WHAT TO PRODUCE
Everything from the line containing "Kenney and Linda" through the line containing "biltmore al fresco dining Belize City" in the listing below should be copied exactly, and nothing more.

PROVIDED RECORDS

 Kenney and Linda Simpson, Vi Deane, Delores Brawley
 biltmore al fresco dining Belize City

==

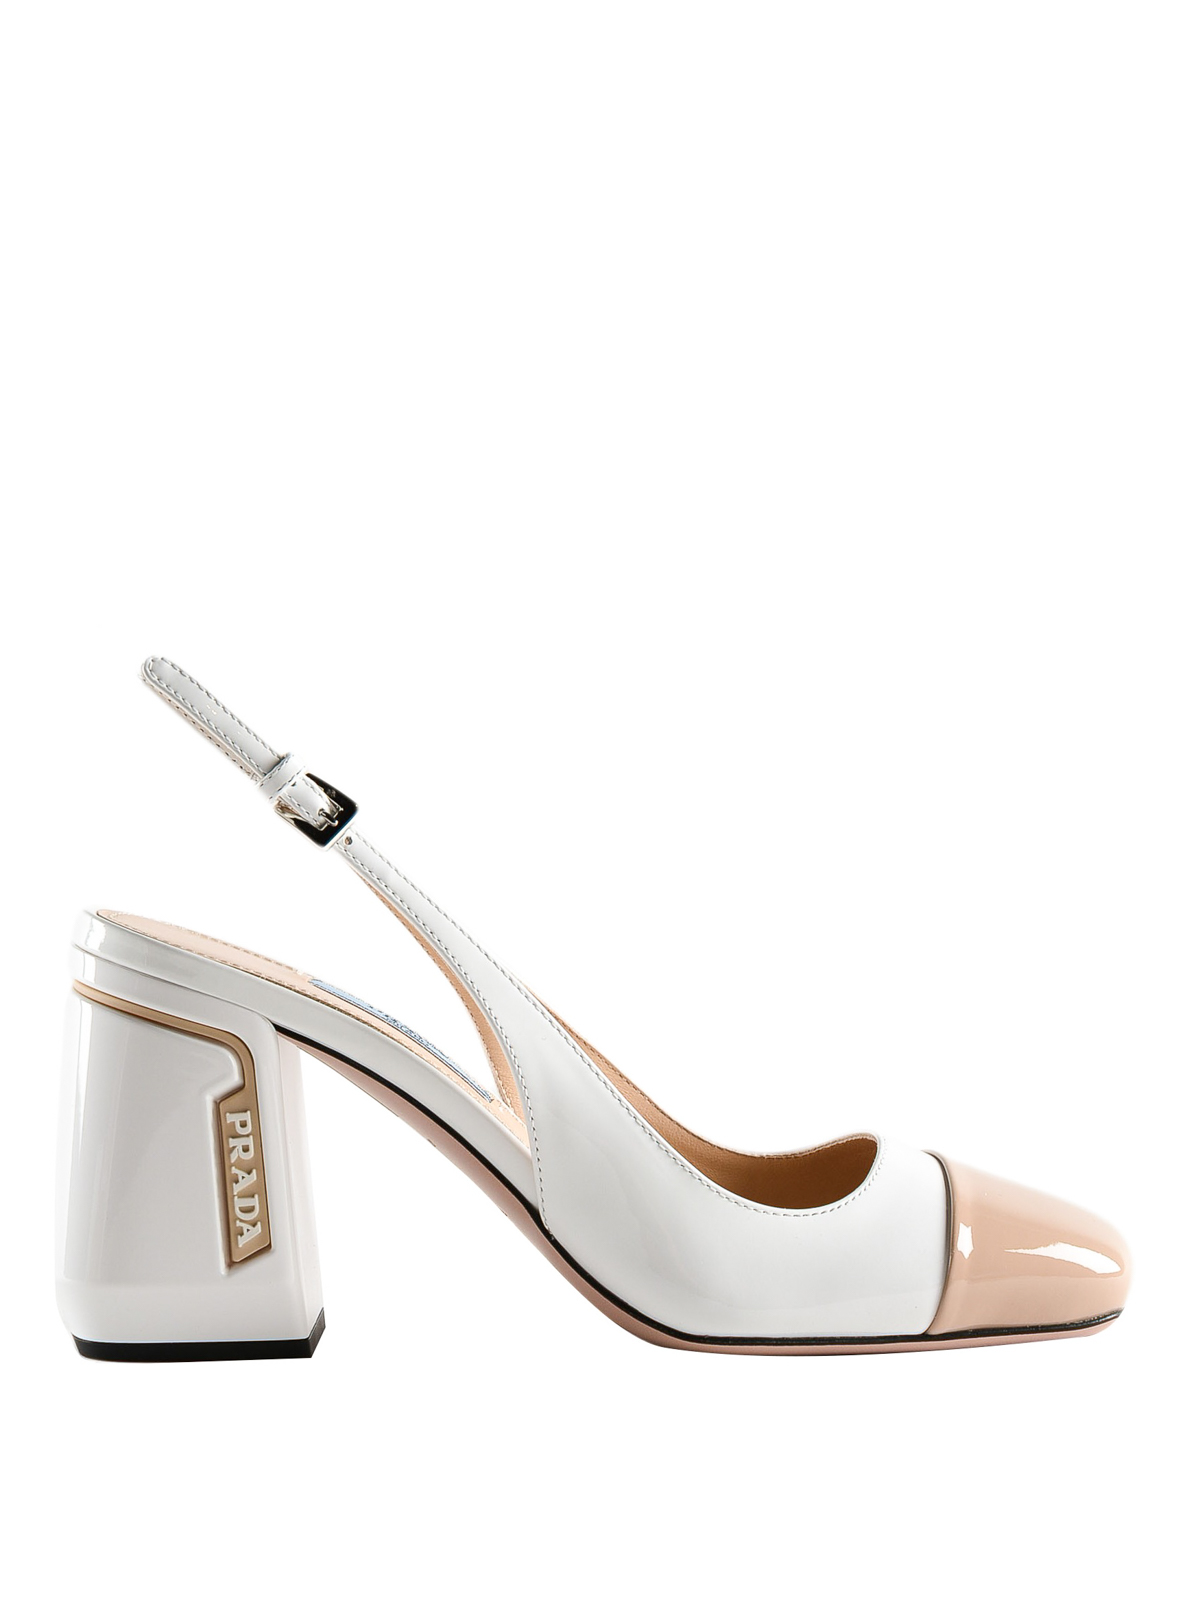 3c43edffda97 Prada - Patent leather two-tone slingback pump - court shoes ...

OUTPUT OF THE TASK
 Kenney and Linda Simpson, Vi Deane, Delores Brawley
 biltmore al fresco dining Belize City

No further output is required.